WBGN (1340 AM) is an oldies formatted radio station licensed to Bowling Green, Kentucky, United States. The station is currently owned by Forever Communications, Inc. as part of a conglomerate with Glasgow–licensed country music station WLYE-FM (94.5 FM), Auburn–licensed country station WBVR-FM (96.7 FM), and Smiths Grove–licensed  Top 40/CHR station WUHU (107.1 FM). All four stations share studios on Scottsville Road in southern Bowling Green, and its transmitter is located off Church Avenue in the northern part of the city.

To complement its AM signal, WBGN operates a FM translator station on 94.5 FM under the callsign W233CZ. That station's transmitter is shared with the AM signal.

History
The station's construction permit, which was initially filed in July 1958, was granted by the Federal Communications Commission on May 18, 1959, and the station first signed on the air on November 24 of that same year. The FCC granted the official license on May 31, 1960. It was originally owned by J. Paul Brown and Robert L. Proctor, doing business as Bowling Green Broadcasting Company. The station broadcast originally broadcast a Rock format, then it began broadcasting a country format, but switched to a Top 40/CHR format. From 1964 until 1982, WBGN was the original flagship station of Western Kentucky Hilltoppers football and basketball games of the Hilltopper Sports Radio Network, with Wes Strader and Bud Tyler (originally from WLBJ) making the play-by-play commentary on those broadcasts. This included the basketball team's 1971 Final Four appearance.

WBGN's format changed from Top 40/CHR to Top 40 Oldies, in 1985. In April 1988, WBGN was purchased by Hilltopper Broadcasting, another locally based radio broadcasting firm, which at the time owned Smiths Grove-licensed WBLG-FM (now WUHU), and switched back to a country music format. However, the station switched back to Top 40 Oldies in 1990, this time broadcasting the music from a satellite service called "The Oldies Channel". This format lasted until Forever Communications purchased the station, and converted it into a Sports radio station by affiliating WBGN with ESPN Radio.

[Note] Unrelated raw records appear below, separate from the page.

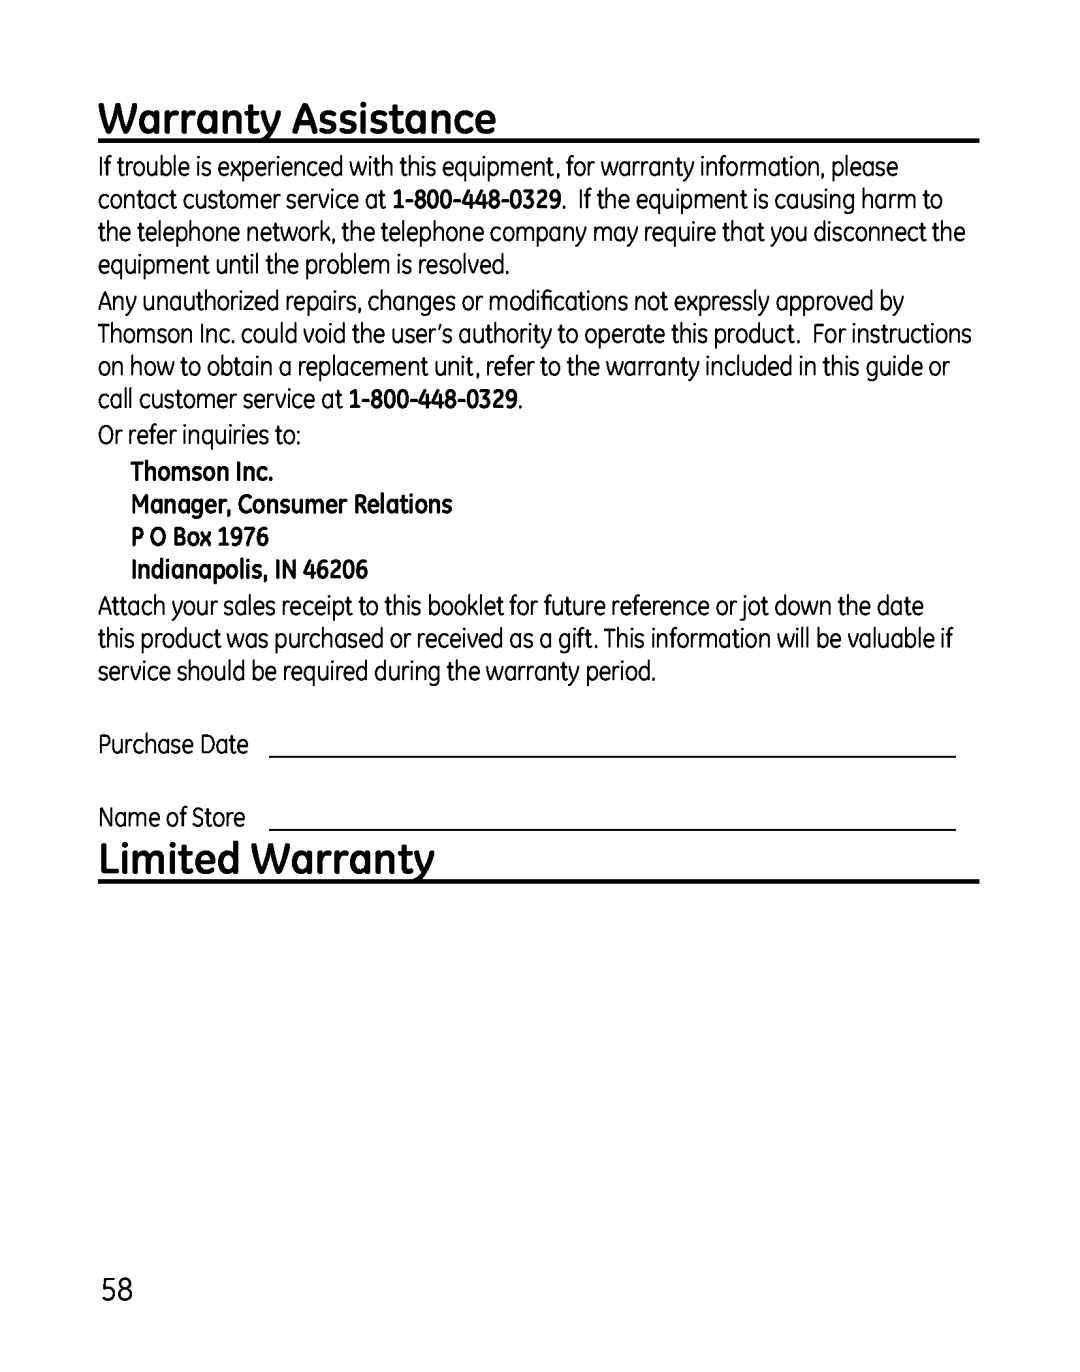 GE 28821xx5, 881 Warranty Assistance, Limited Warranty, Thomson Inc Manager, Consumer Relations P O Box Indianapolis, IN 
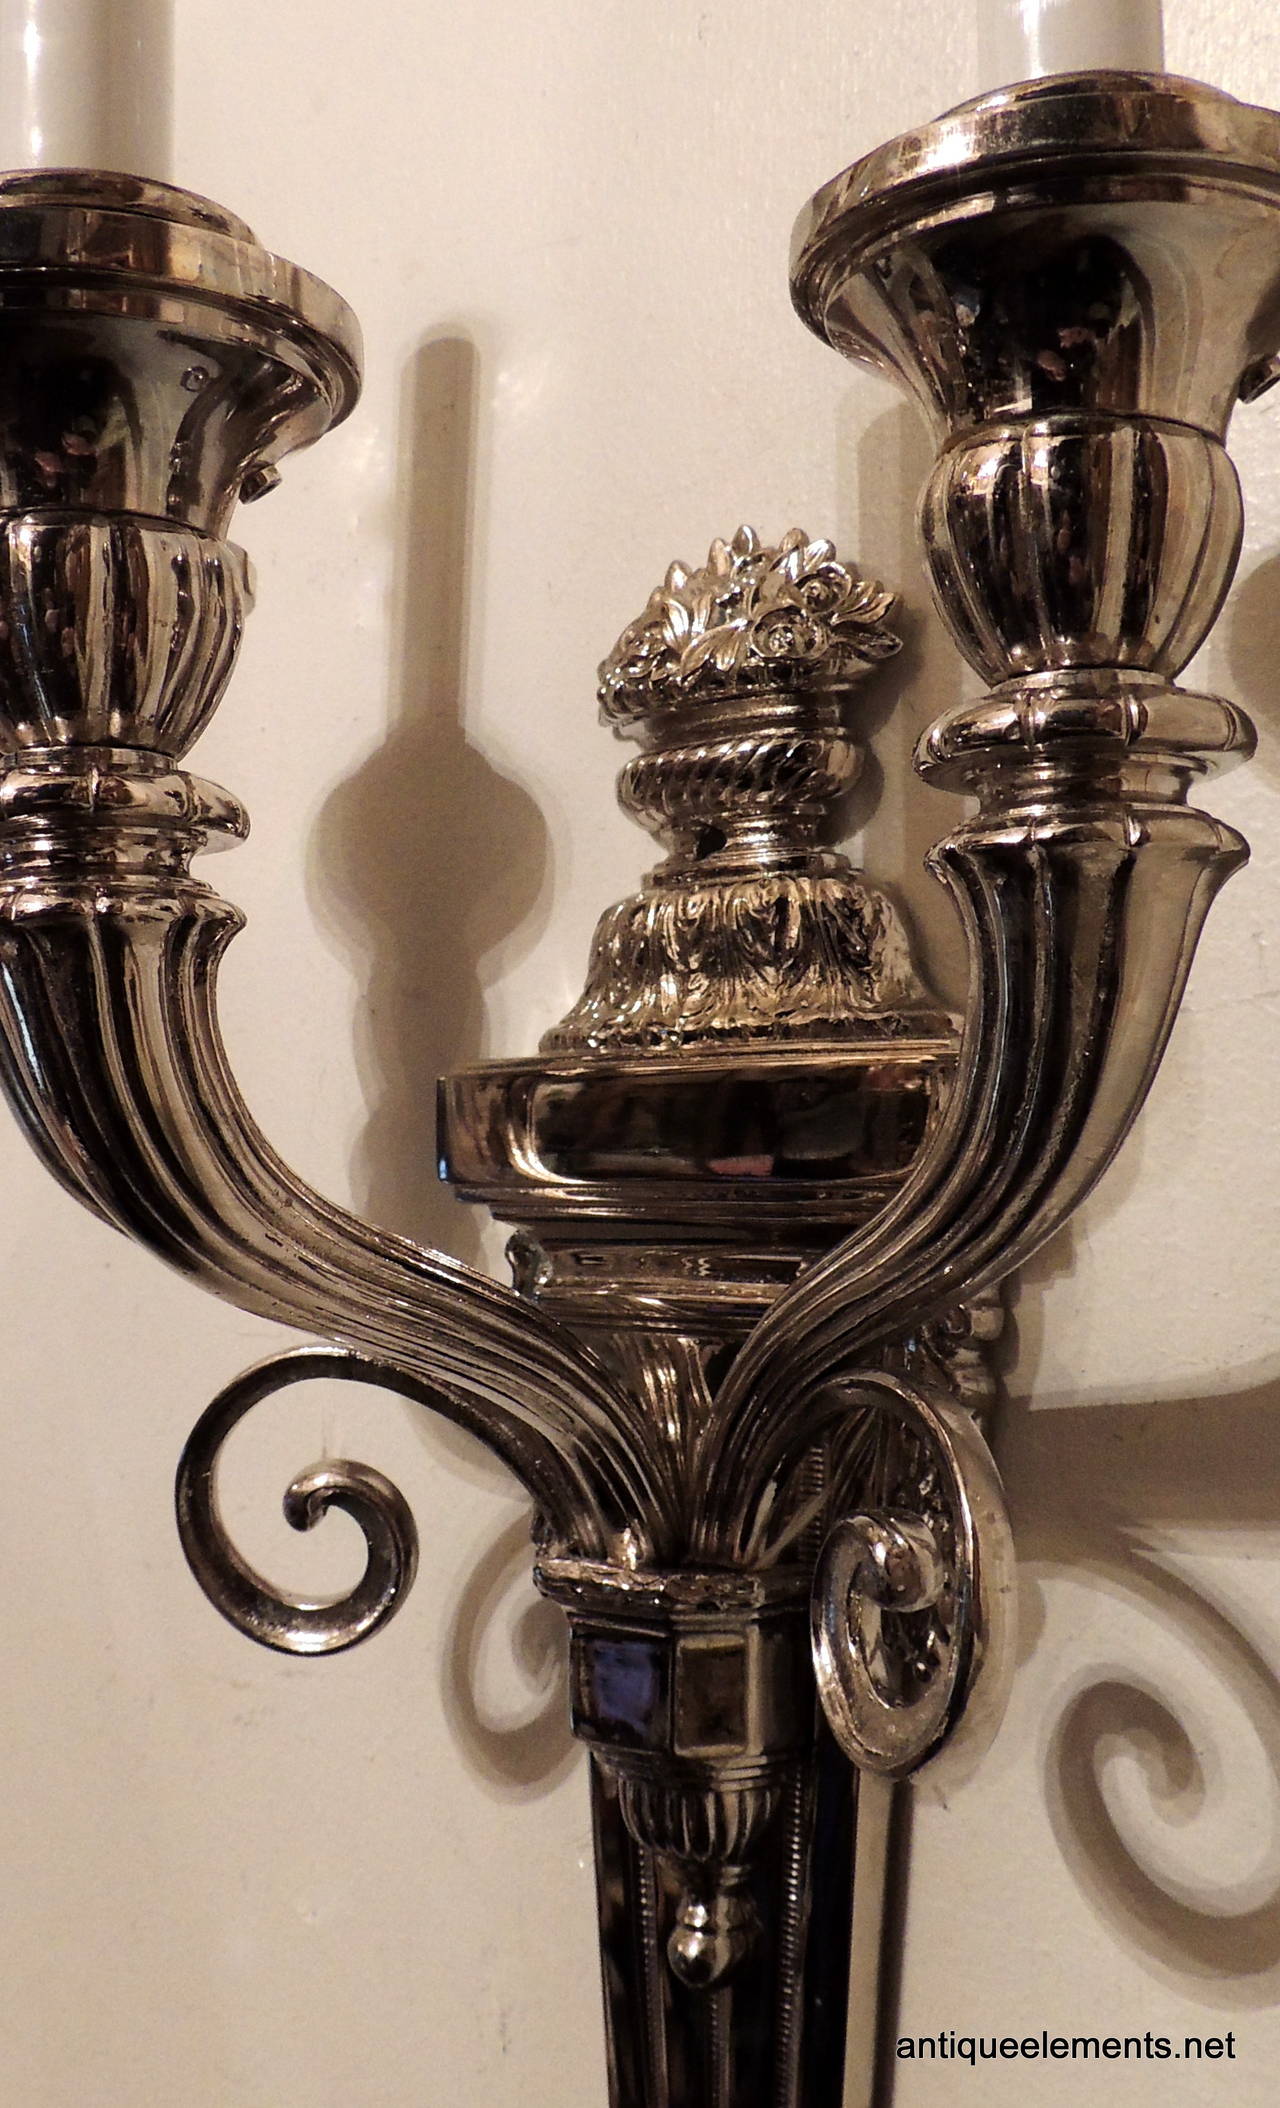 Neoclassical Nickel-Plated Three-Arm Sconces Attributed to Caldwell For Sale 1
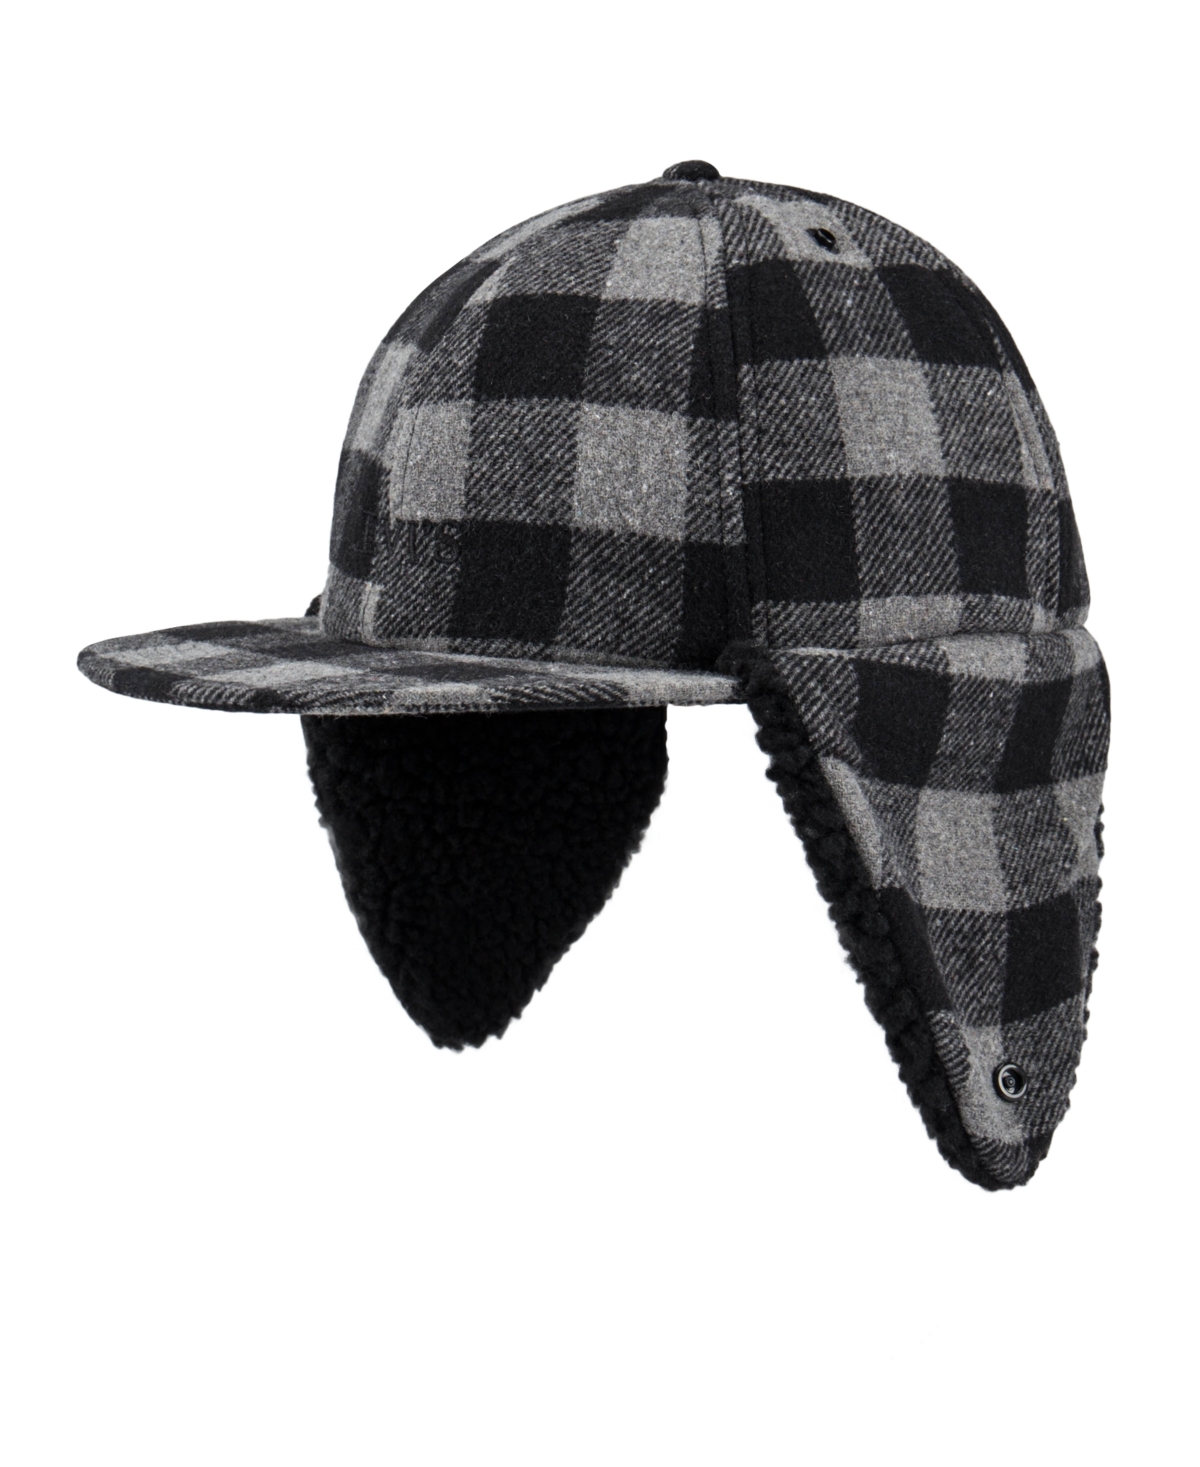 Men's Corduroy and Sherpa Hunter Hat with Ear Flaps - Black
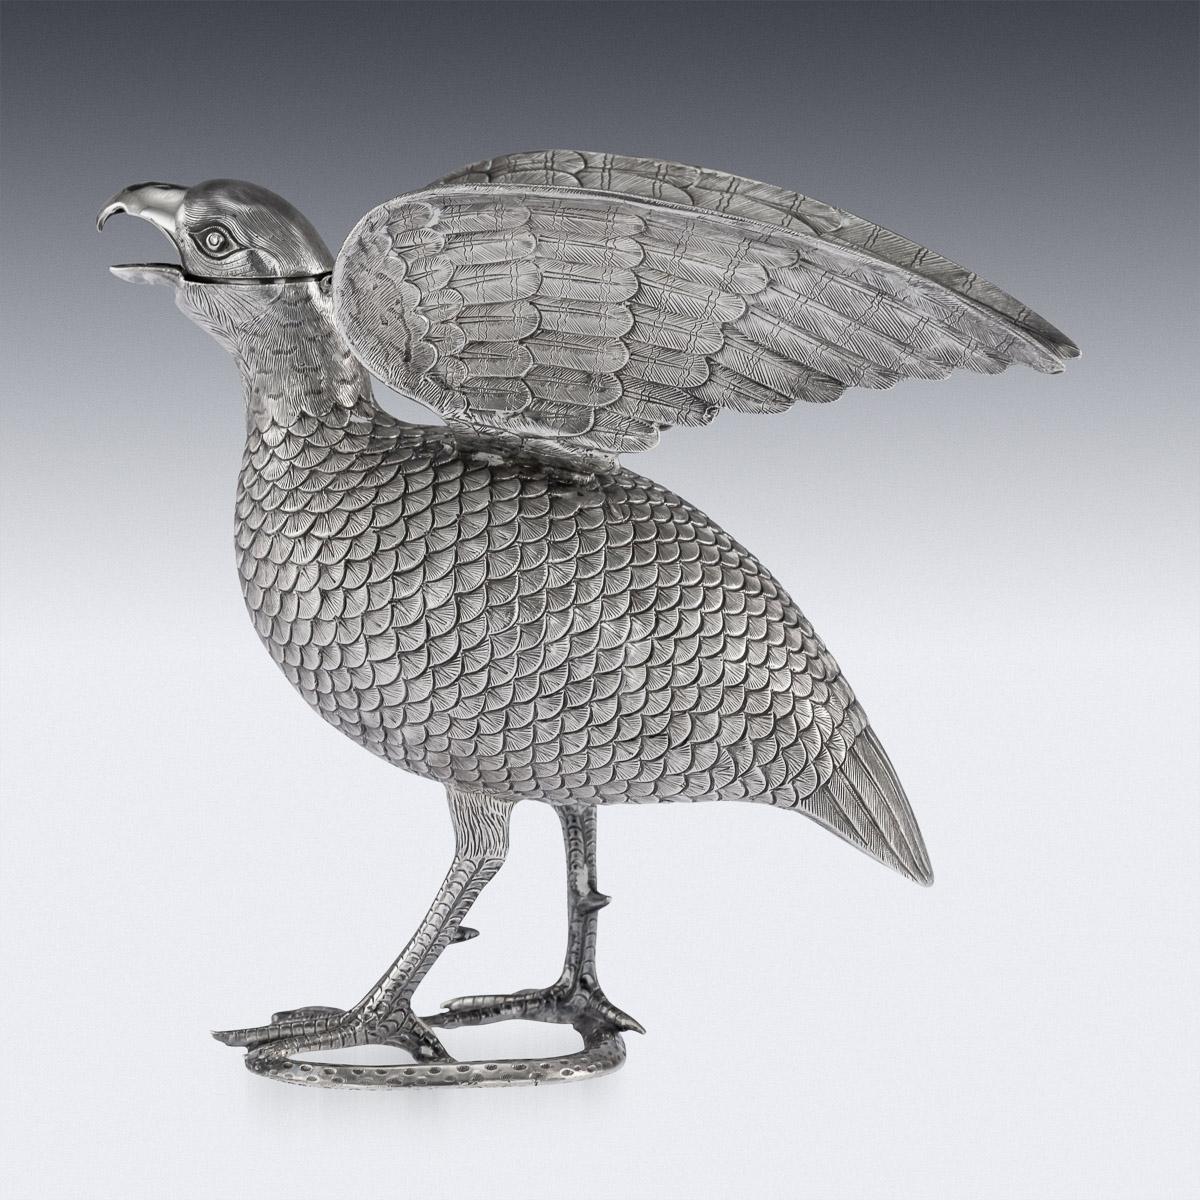 Antique 19th century exceptionally rare Indian Colonial solid silver cream jug modelled as a black francolin killing a snake, the feathers finely engraved, with a hinged head and spread wings. Hallmarked 'O.M Bhuj' under the snake for Oomersi Mawji,

The station affiliated with Fox Sports Radio after WWKU and WCDS became the ESPN Radio affiliates.

In December 2016, WBGN launched low-powered FM repeater W300DA, broadcasting at 107.9 MHz, to bring WBGN's programming to the FM dial. In February 2017, WBGN's Fox Sports Radio affiliation ended when both WBGN-AM and W300DA became a simulcast of Glasgow-based WLYE-FM, a Classic Country music station in the area.

In December 2019, WBGN's simulcasting with WLYE was suspended to stunt with Christmas music until December 30, 2019, whem WBGN dropped its Christmas music stunt and flipped to oldies as "AM 1340 & 107.9 FM WBGN" with the slogan "Good Times, Great Oldies", thus returning the Oldies format back to the station and the entire Bowling Green radio market area.

Programming
WBGN's simulcast with WLYE was not full-time. WBGN still retains the rights to certain sporting events. It is also the local affiliate for the U of L Sports Network broadcasting Louisville Cardinals football and basketball, as well as the National Hockey League's Nashville Predators games from the Nashville Predators Radio Network. The station was Kentucky Sports Radio's Bowling Green affiliate until January 2019, when the program moved to WKCT.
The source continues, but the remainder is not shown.